Monday, Jan. 08, 1940
Also Showing
The Light That Failed (Paramount). Ronald Colman, Walter Huston, Dudley Digges struggle with Kiplingesque stoicism through the somewhat dated heroics and stout fella philosophy of Rudyard Kipling's first novel, made into a picture for the second time. Ida Lupino (re-emerging after a long hibernation) throws a rousing fit of hysterics as the hoydenish model who defaces Ronald Colman's pictorial masterpiece just after he goes blind. Unfortunately for the tragic effect, cinemaudiences can see for themselves that the blind artist's masterpiece is a daub.

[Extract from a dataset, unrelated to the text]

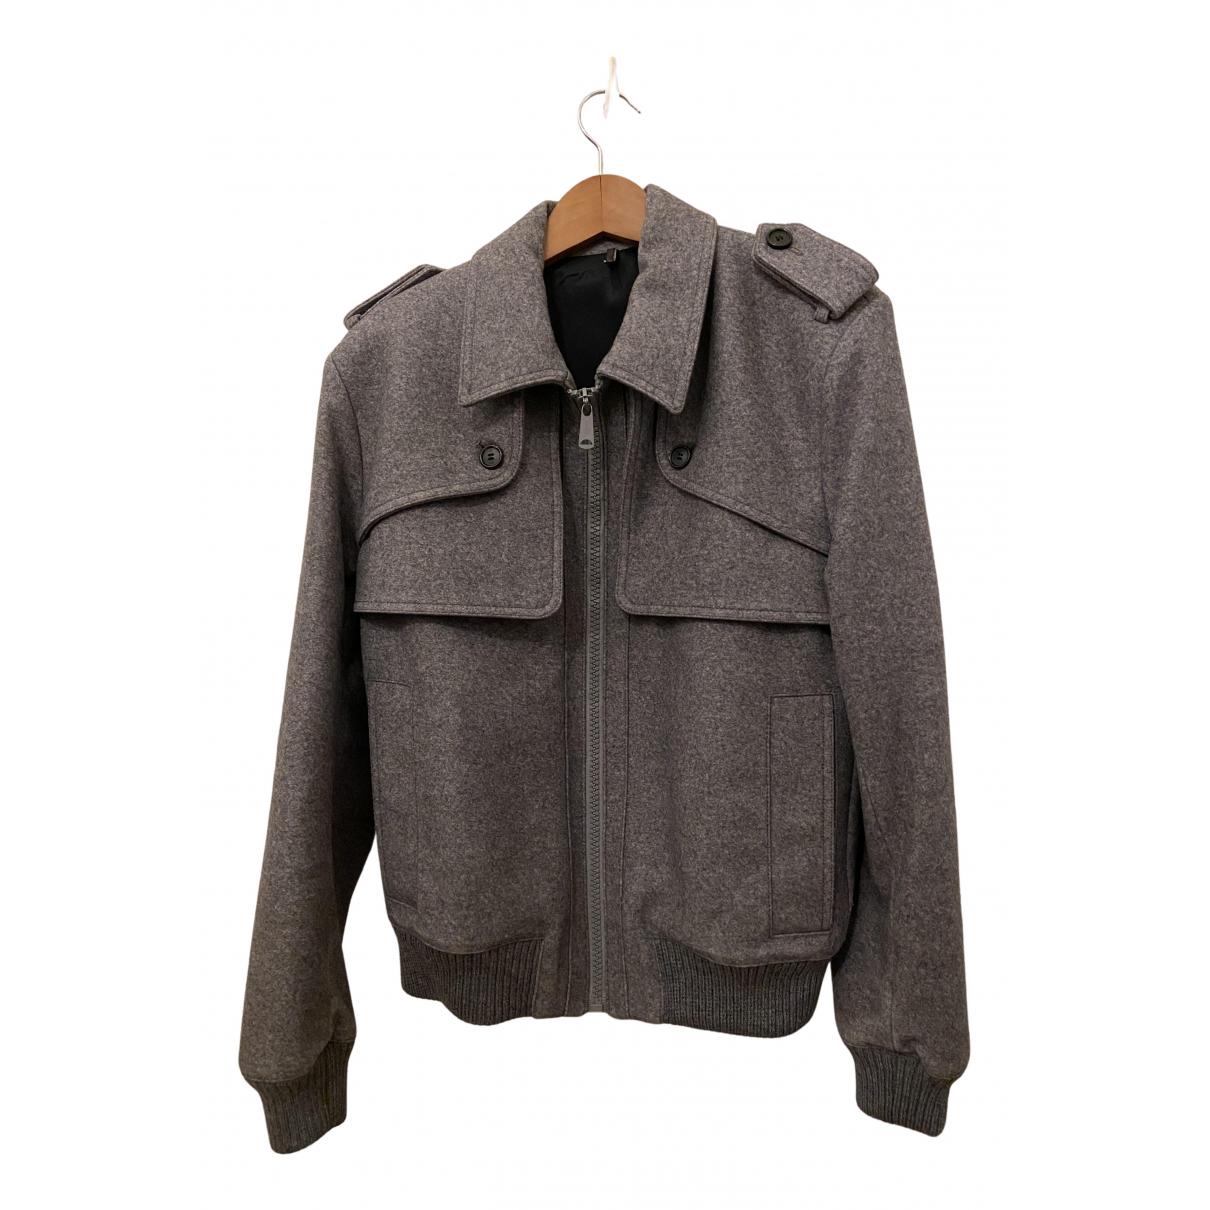 Dior Homme - Vestes.Blousons   pour homme en laine - gris

Main Street Lawyer (Republic) has nothing to do with Author Bellamy Partridge's best-selling Country Lawyer (recently bought for pictures by Paramount). It is a warning to slick city gangsters not to stray farther afield than the suburbs. If they do, they may run spang into tall, grim-mouthed Edward Ellis, as happens when Gangster Marco (Harold Huber) goes a-rusticating. But Edward Ellis, who helped make memorable the cheaply made quickie, A Man To Remember, does not turn the trick with this thin-spun tale of village politics, catty gossip, calf love.

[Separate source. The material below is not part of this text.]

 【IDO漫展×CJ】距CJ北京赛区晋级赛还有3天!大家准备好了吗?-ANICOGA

The Big Guy (Universal) adds another to the staggering total of prison breaks screen convicts have made from Hollywood jails. Though "the technical adviser on break scenes" in this film was a paroled former convict, the picture is chiefly interesting because Victor McLaglen plays a warden with a larcenous streak and a guilty conscience; Edward Brophy plays a sly trusty who finds the warden out; and Master Jackie Cooper successfully continues his graduation out of short pants into juveniles.